CMG Financial on the Future of the Industry
In this special edition of our Roundtable series, we interviewed three top executives with one of our President’s Council sponsors, CMG Financial, a top residential mortgage lender based in San Ramon. The future of the industry will be determined by how innovative companies like CMG Financial respond to new regulatory realities, market disruptions, and more.
We spoke with AJ George, SVP, Correspondent Lending; Adam Millstein, SVP, National Wholesale Lending; and Charlie Rogers, SVP, Retail Lending.
California MBA: How has CMG adapted to the new regulatory reality of TRID?
George:Just like any new regulation that has been implemented over the past 5-6 years, CMG is no stranger to seeing change in the market place, in fact, we see this as an opportunity to make something that is commonly looked at as a negative thing, looked at as a positive thing. Acknowledging that change is consistent in our business has truly allowed CMG to stay ahead of the curve with training materials, understanding, and preparedness for TRID with our staff as well as our customers.
Millstein:Well, like most lenders, transitioning into the new TRID world had some bumps, but it wasn’t as difficult as we anticipated. I think the main reason for that was the intense training we did the 3 months leading up to implementation. We focused not only on training our employee’s, but also our customers and their referral partners. We also made learning the new rules fun by having daily TRID trivia contests which got our employee’s really engaged in the process. Now that we are 6 months post implementation, we have made some process and system updates along the way, but for the most part, TRID has become our new norm.
Rogers:In speaking with friends at other lenders, as well as speaking from our own experience, TRID implementation was a challenge. While we had a solid, well thought out implementation plan, we didn’t understand the impact the new process would have on our closing department’s staffing levels. November and December were challenging as not only were we working through the new process flows and regulatory requirements, but our title company partners were as well. Today we feel very good about our process flows, which we tweaked from our original plans, and our staffing levels are proportionate to the work load.
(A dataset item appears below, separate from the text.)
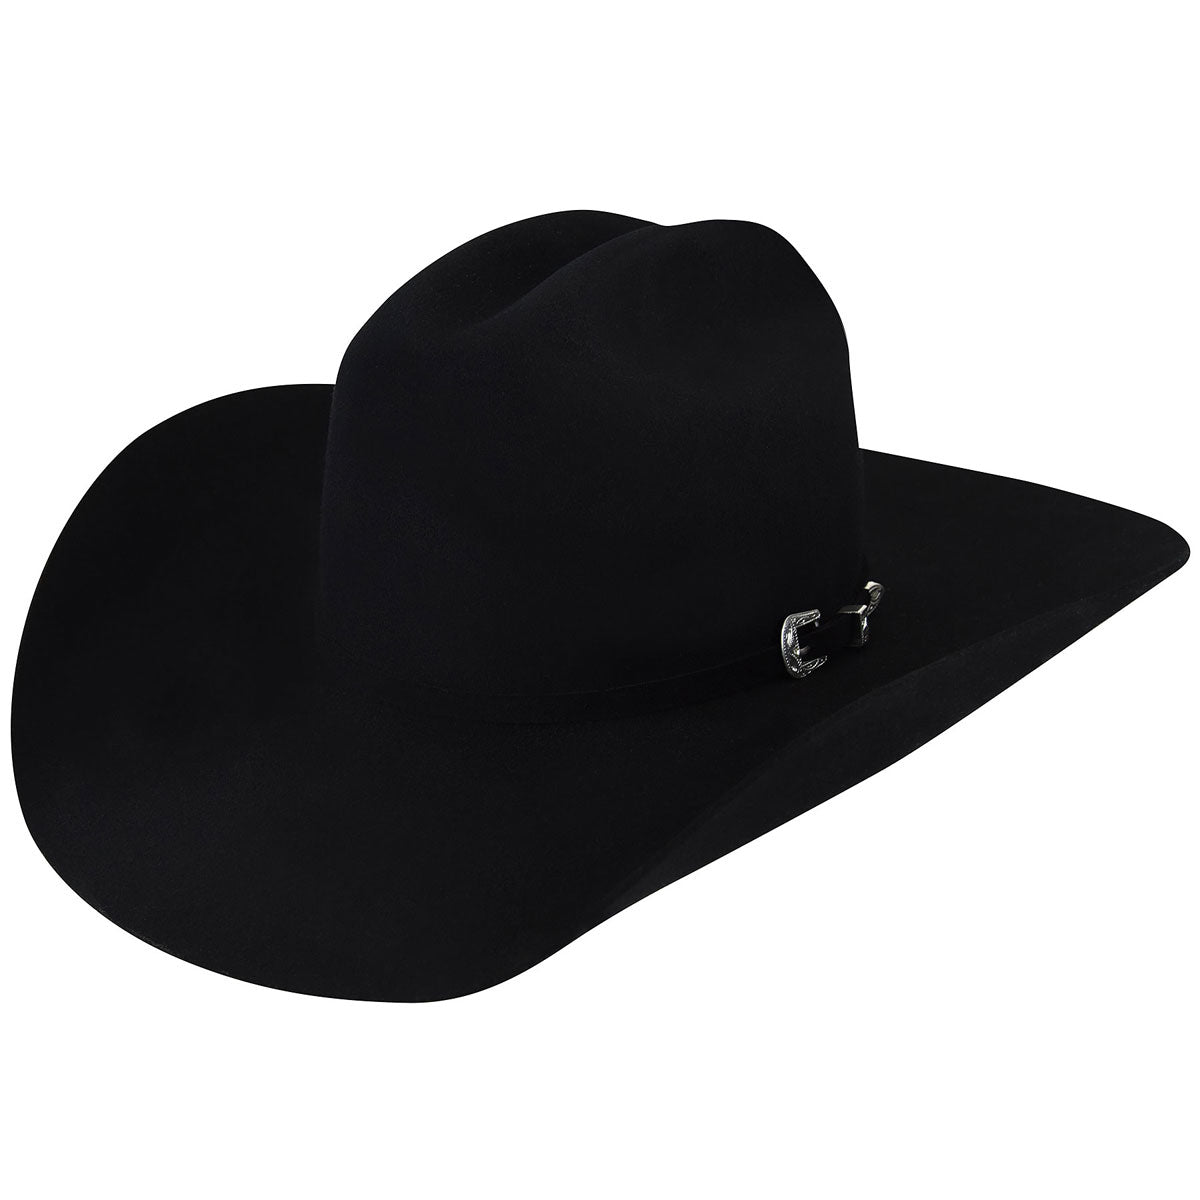 Bailey® 4X Black McQ Wool Blend Felt Cowboy Hat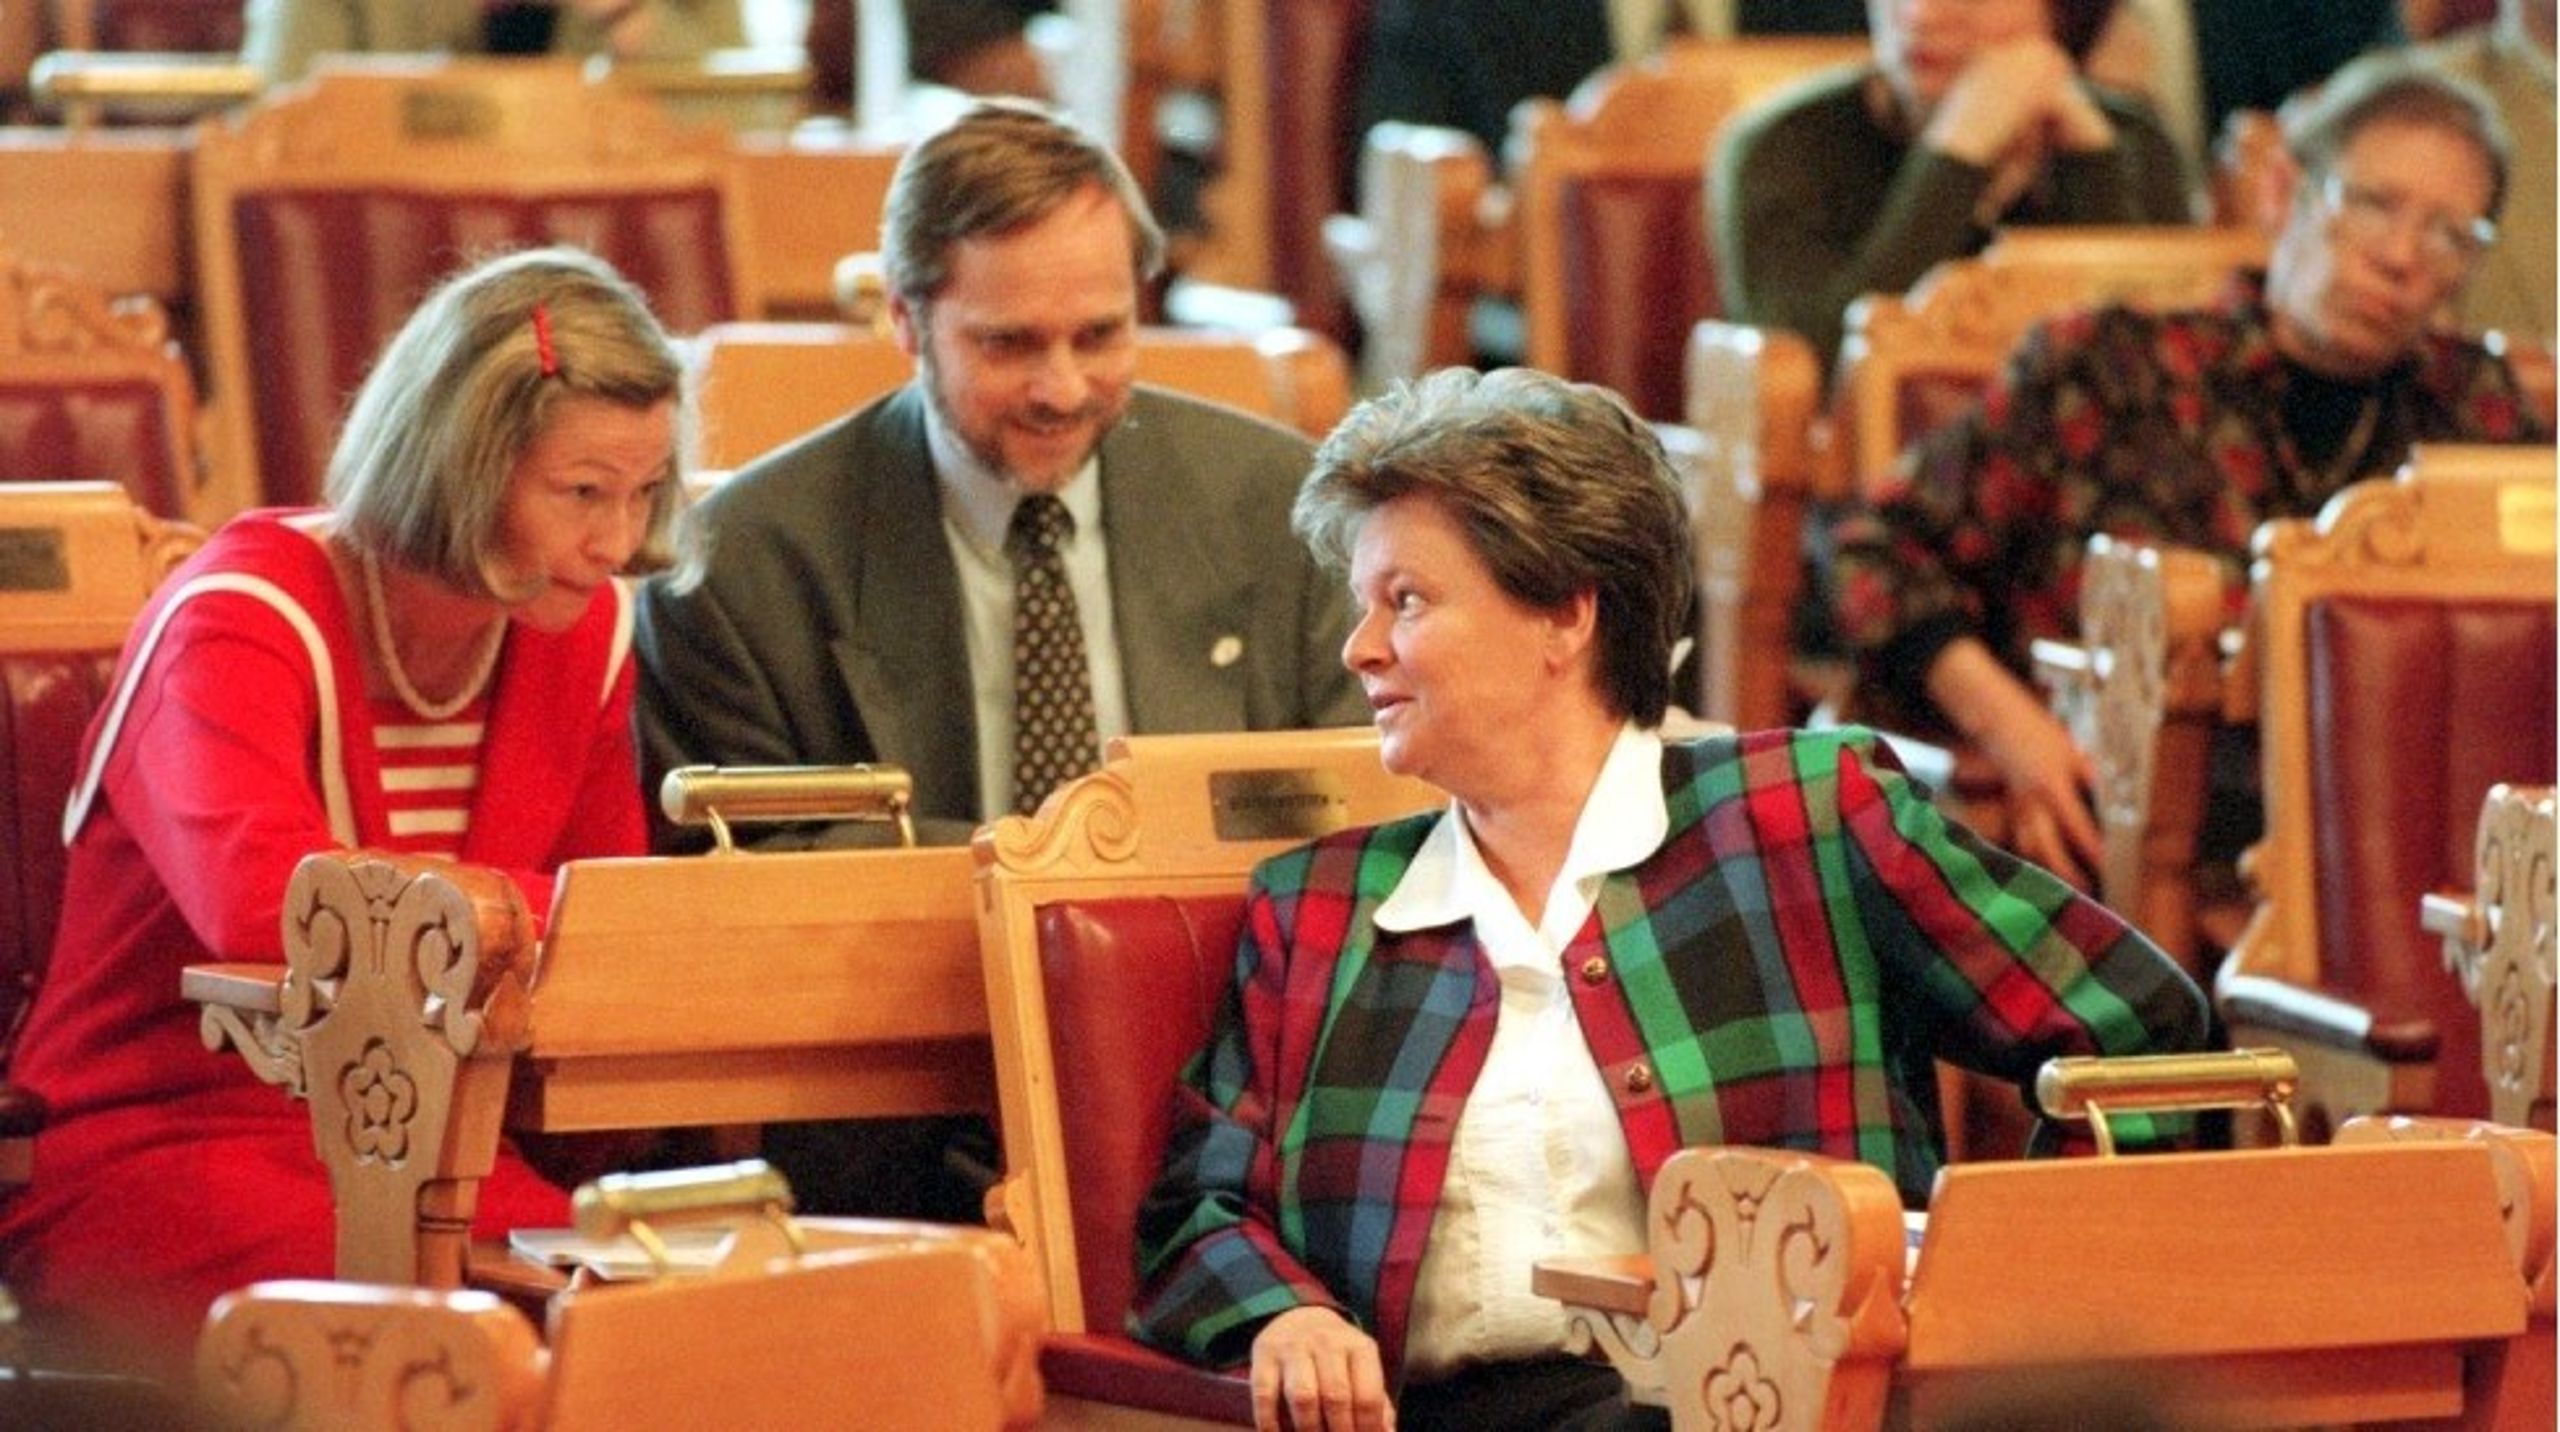 Gro Harlem Brundtland, Kaci Kullmann Five og Jan Petersen i stortingssalen&nbsp;da&nbsp;Norge hadde sin&nbsp;siste EU-debatt for nesten&nbsp;30 år siden.&nbsp;

As a result, our closing turn times are close to where they were pre TRID. I believe one of the most important lessons learned was that communication and attitude are critical to any change process. We built a daily reporting, and for a period, daily call process, that gave our business partners, originators, and title partners a clear picture of what was needed to complete the process. This gave them confidence that we were on top of their loans, and that nothing had fallen through the cracks. Our support staff has been amazing, and all can see that their hard work and determination has paid off.
California MBA: What does the future look like for non-QM lending?
Millstein:Good question. We are starting to see more and more non-QM product options being introduced, but the volume being originated on these products continues to be minimal. The biggest barrier seems to be price simply because there isn’t a robust secondary market for these products currently. Until that happens, we see these products being more of an ancillary or niche product so we
will continue to focus on agency products and how to innovate our fulfillment process to grow our wholesale and non-delegated production.
Rogers:In short, uncertain. The regulations and legal exposure have limited the market for non QM loans, both in terms of products, and lenders that are willing to originate them. Perhaps over time the legal concerns will be less of a concern, and there will be more of a market for Non QM product.
George:The future of Non QM market really all depends on liquidity in the market place for that type of product, this can range all the way from a securitization market, to regulation, and a legal liability appetite investors have. I really hope that the future for Non QM lending is bright as it does allow for more competition in the market place. For now, Correspondent Lending at CMG will continue to remain an aggressive take out on Agency business and take advantage of Non QM options as we see fit.
California MBA: What is the company doing to attract Millennials and Gen X borrower?
Rogers:At CMG, we have placed significant resources behind developing social media and mobile solution strategies. We are focused on attracting Gen X and Millennial borrowers by marketing to them the way they prefer to shop, which is online, specifically on line word of mouth, and communicate with them through mobile applications. We have found that through our marketing efforts, we are able to attract potential borrowers who are looking to purchase their first home early in their buying process. Many have not located a Realtor to work with, and we are able to provide them with a selection of qualified Realtors to choose from. The Realtors we refer are not only knowledgeable about their market, but also understand how to work with younger buyers, and how the internet is the centerpiece of the buying process. We are committed to adjusting our strategies as technology changes, and as Millennials do their research and buying habits change.
George:Well, being a Millennial myself and being located in the heart of the Bay Area, we have a pretty good pulse as to what Millennials interests are, especially when purchasing a home. As we know, Millennials are smart, resourceful, and most of all…cheap. In order to attract them/us the process needs to be something that they identify with which is not how mortgages are done traditionally today. We are doing several things over here at CMG to ensure that we are creating a process that is identifiable with this generation.